SLOUGH, U.K., June 21, 2004 (PRIMEZONE) -- Xenova Group plc (LSE:XEN) (Nasdaq:XNVA) announced today that it has received a Manufacturer's Authorisation -- Investigational Medicinal Products from the Medicines and Healthcare products Regulatory Agency (MHRA) for its clinical trials manufacturing facility (CTMF) in Cambridge.
This authorisation allows Xenova to manufacture and release investigational medicinal products (IMPs) in compliance with the new Clinical Trials Directive which came into force in May of this year. The authorisation will apply to Xenova's own products and those manufactured at Xenova under contract for clients. The licence was awarded after the MHRA inspected the company's premises and confirmed compliance with the EU Good Manufacturing Practices (GMP), which Xenova received in September 2003.
Mike Johnston, Director of Manufacturing and Process Development at Xenova, said, "This authorisation confirms that we are compliant with manufacturing standards that are required under the new clinical trials directive and through the utilisation of excess capacity we can assist other companies in the production of GMP products as well as ensure all Xenova products manufactured at the CTMF are of the highest clinical standard."
Xenova Group plc is a UK-based biopharmaceutical company focused on the development of novel drugs to treat cancer and addiction with a secondary focus in immunotherapy. The Company has a broad pipeline of products in clinical development, including three cancer programmes: its lead product TransMIDTM, for the treatment of high-grade glioma, is in Phase III trials, and its novel DNA targeting agents and XR303 are both in Phase I for cancer indications. Xenova is also developing two therapeutic vaccines for cocaine and nicotine addiction, which are in Phase II and Phase I trials respectively. Quoted on the London Stock Exchange (XEN) and on NASDAQ (XNVA), Xenova employs approximately 112 people throughout its sites in the UK and North America. (Reuters XEN.L; Bloomberg XEN LN)For further information about Xenova and its products please visit the Xenova website at www.xenova.co.uk.

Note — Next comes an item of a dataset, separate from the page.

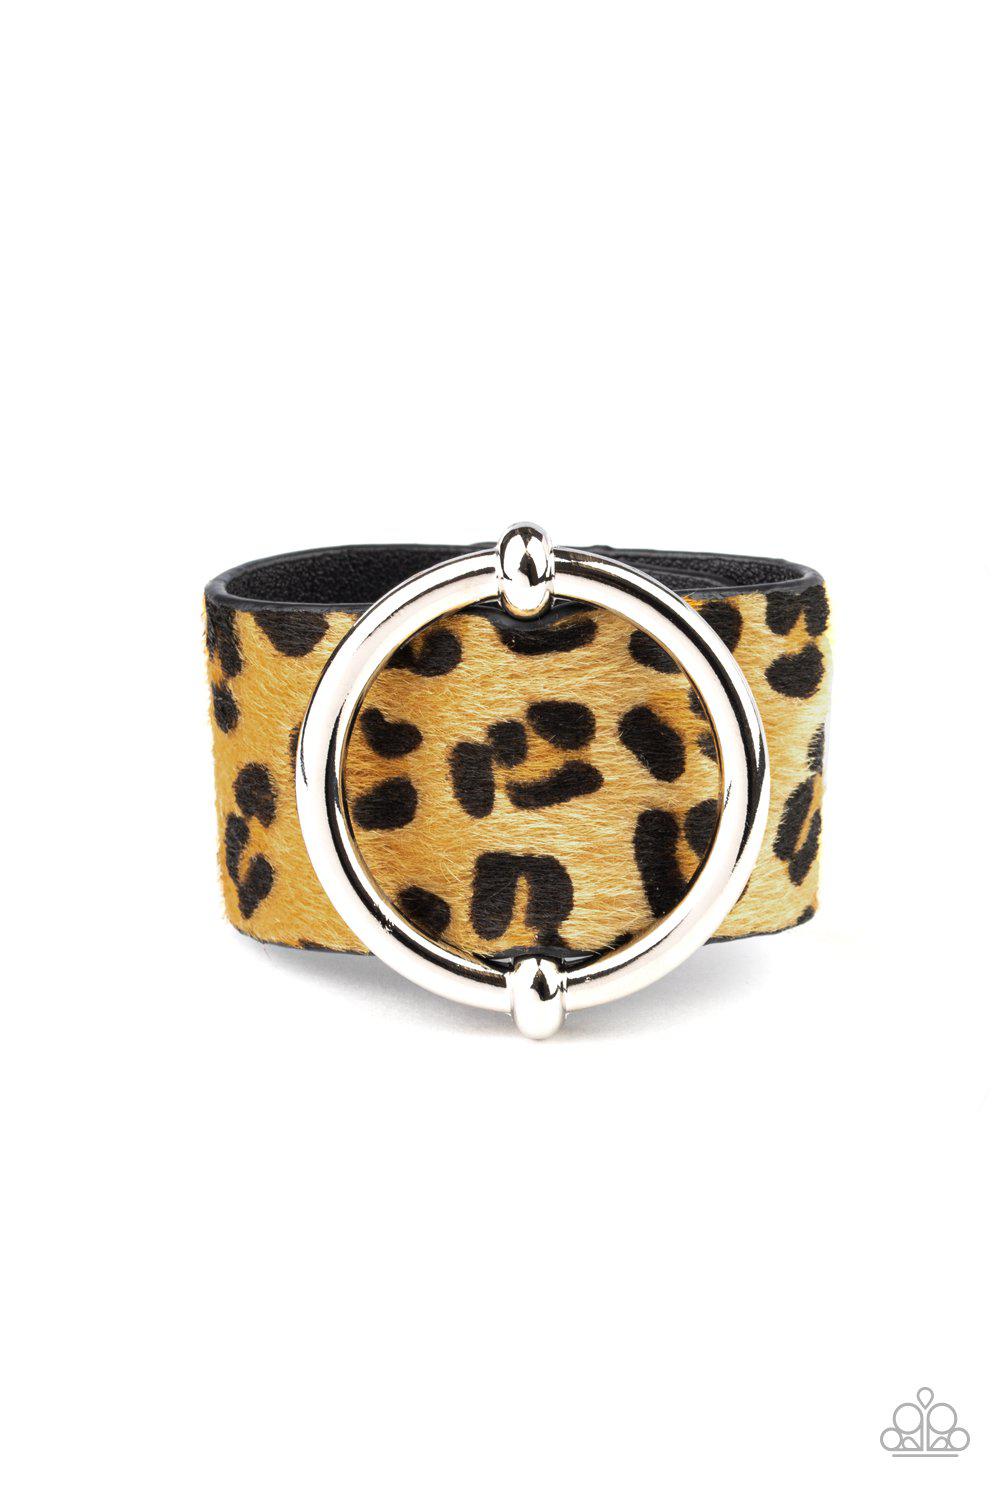 Asking FUR Trouble Yellow Cheetah Print Urban Wrap Snap Bracelet - Paparazzi Accessories-CarasShop.com - $5 Jewelry by Cara Jewels
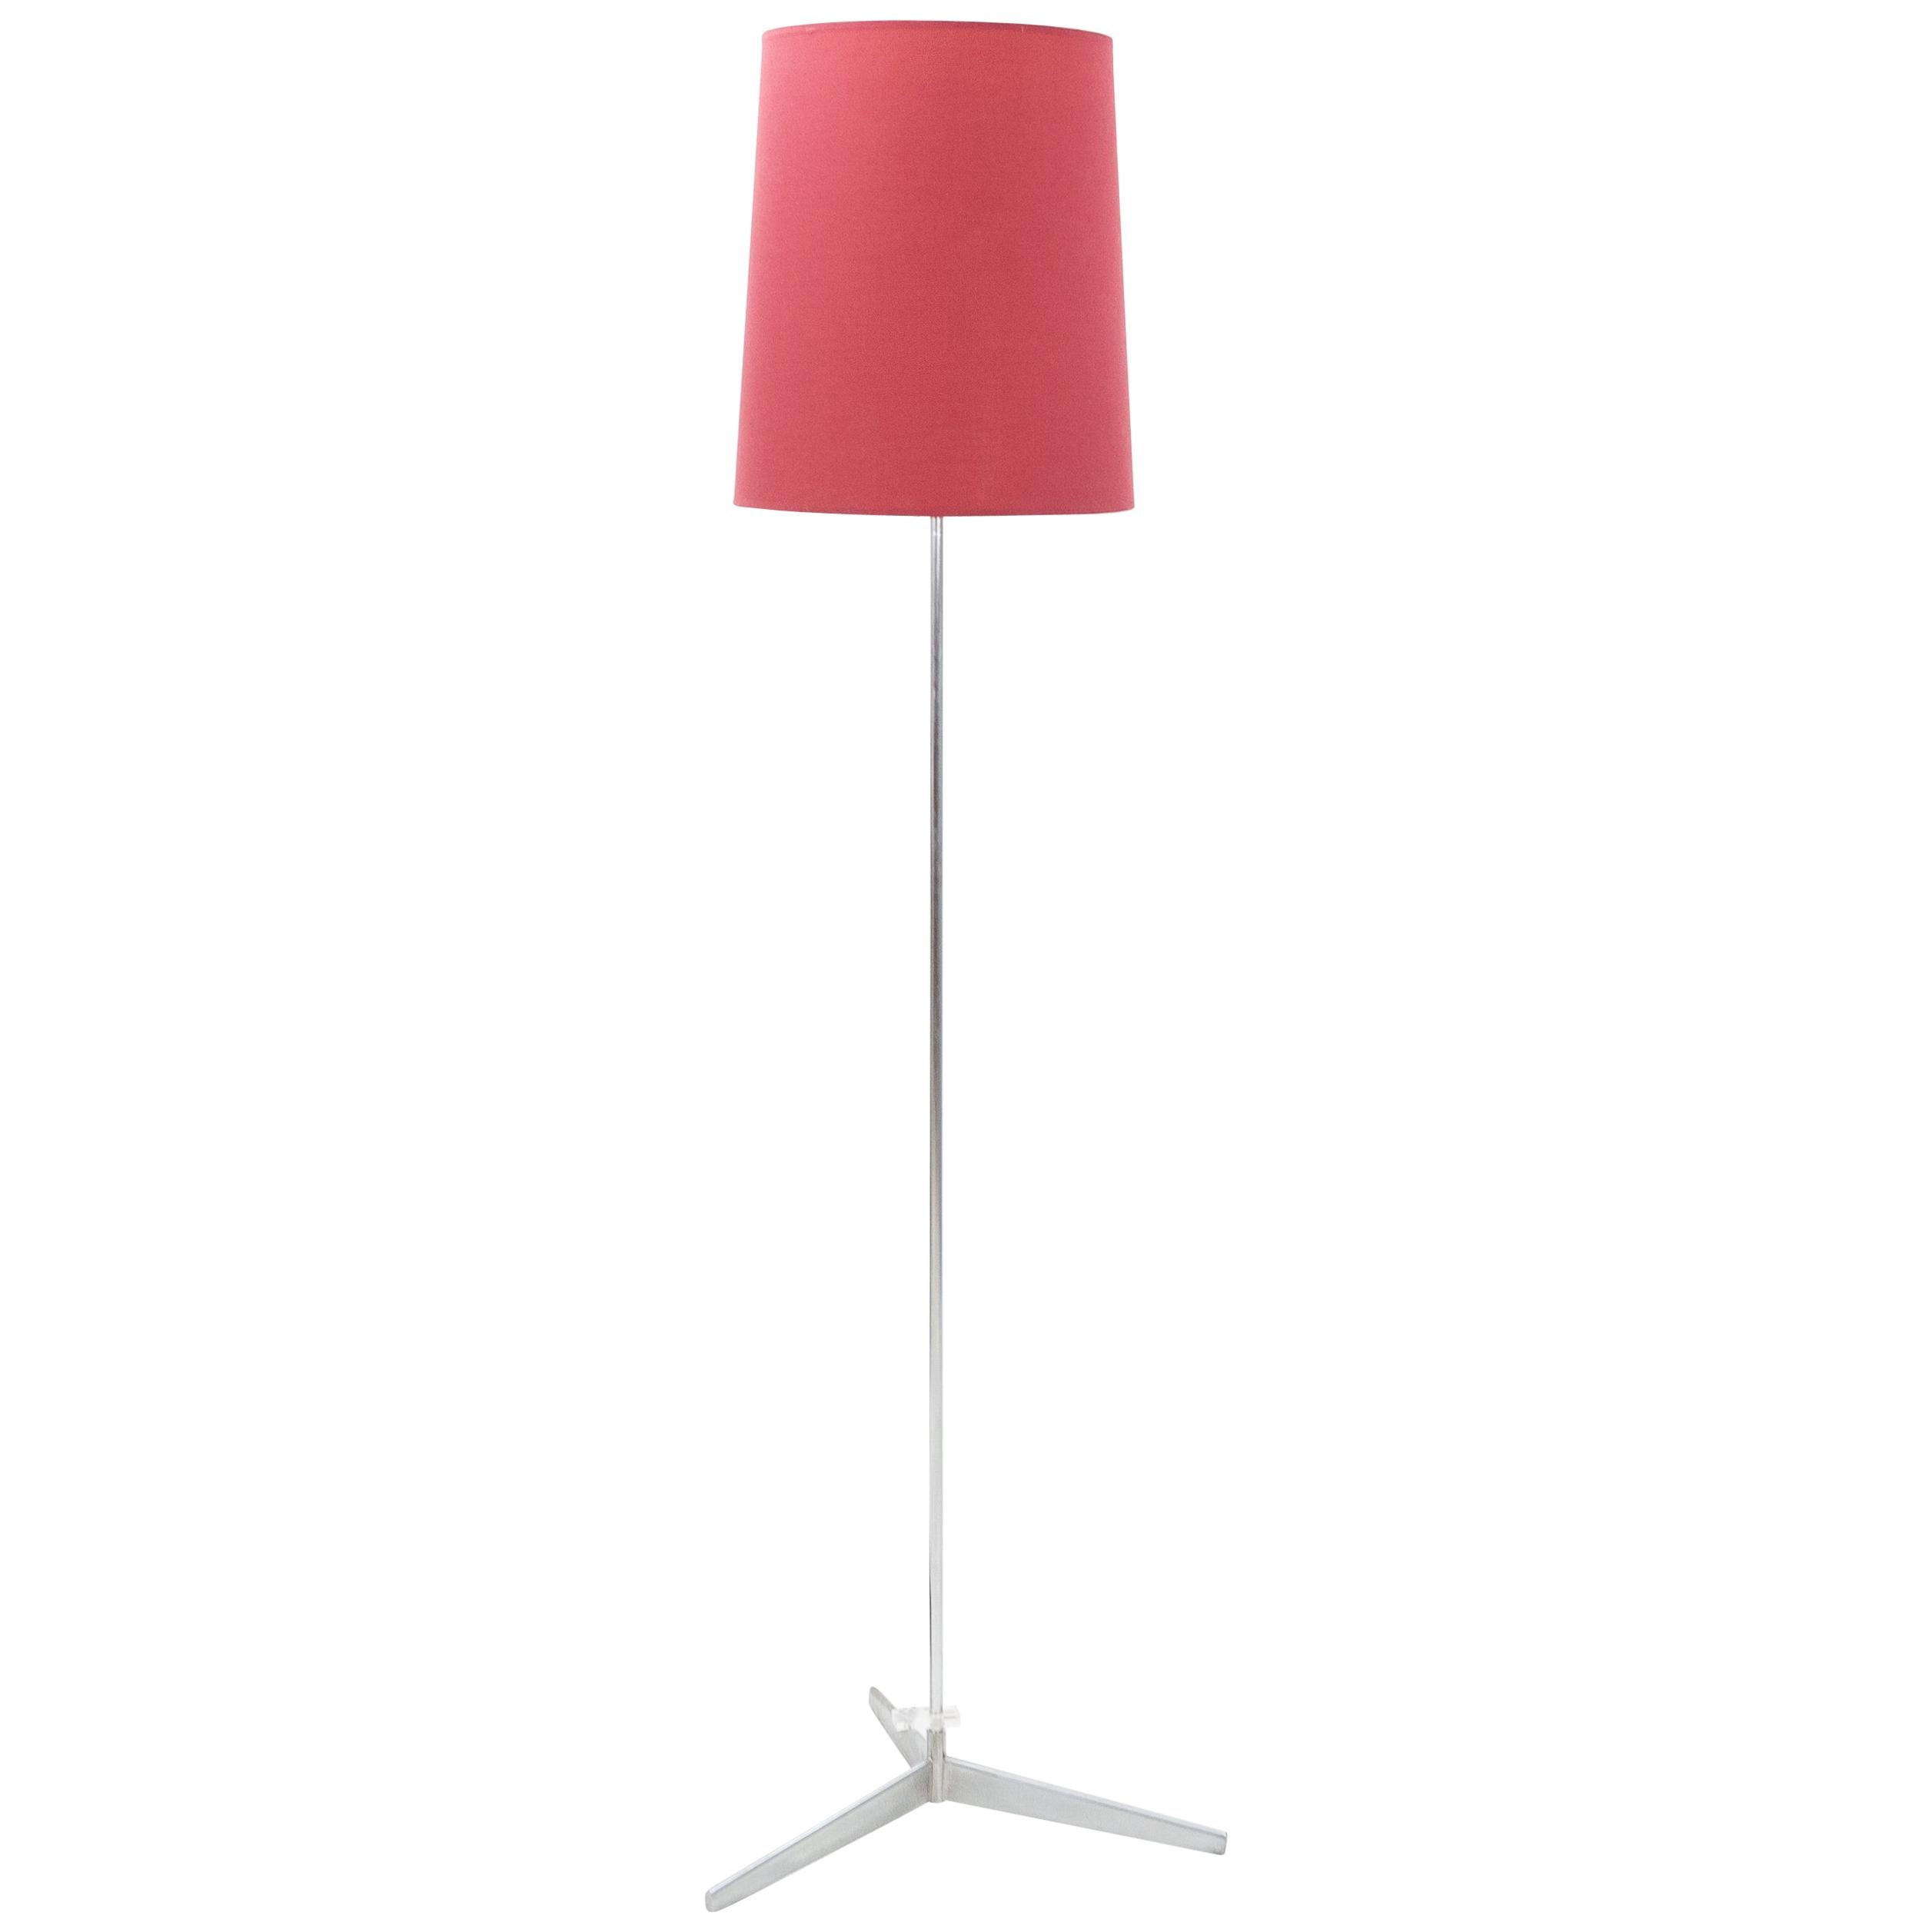 Gepo Amsterdam Floor Lamp

Disclaimer to take advantage of the "Safe Harbor" provisions of the US Private Securities Litigation Reform Act of 1995. This press release contains "forward-looking statements," including statements about our ability to commercialize products. Various risks may cause Xenova's actual results to differ materially from those expressed or implied by the forward looking statements, including: unexpected costs; commercial limitations imposed by patents owned or controlled by third parties; our dependence upon strategic alliance partners to develop and commercialize products and services; difficulties or delays in obtaining regulatory approvals to market products and services resulting from our development efforts; the requirement for substantial funding to conduct research and development and to expand commercialization activities; and product initiatives by competitors. For a further list and description of the risks and uncertainties we face, see the reports we have filed with the Securities and Exchange Commission. We disclaim any intention or obligation to update or revise any forward-looking statements, whether as a result of new information, future events or otherwise.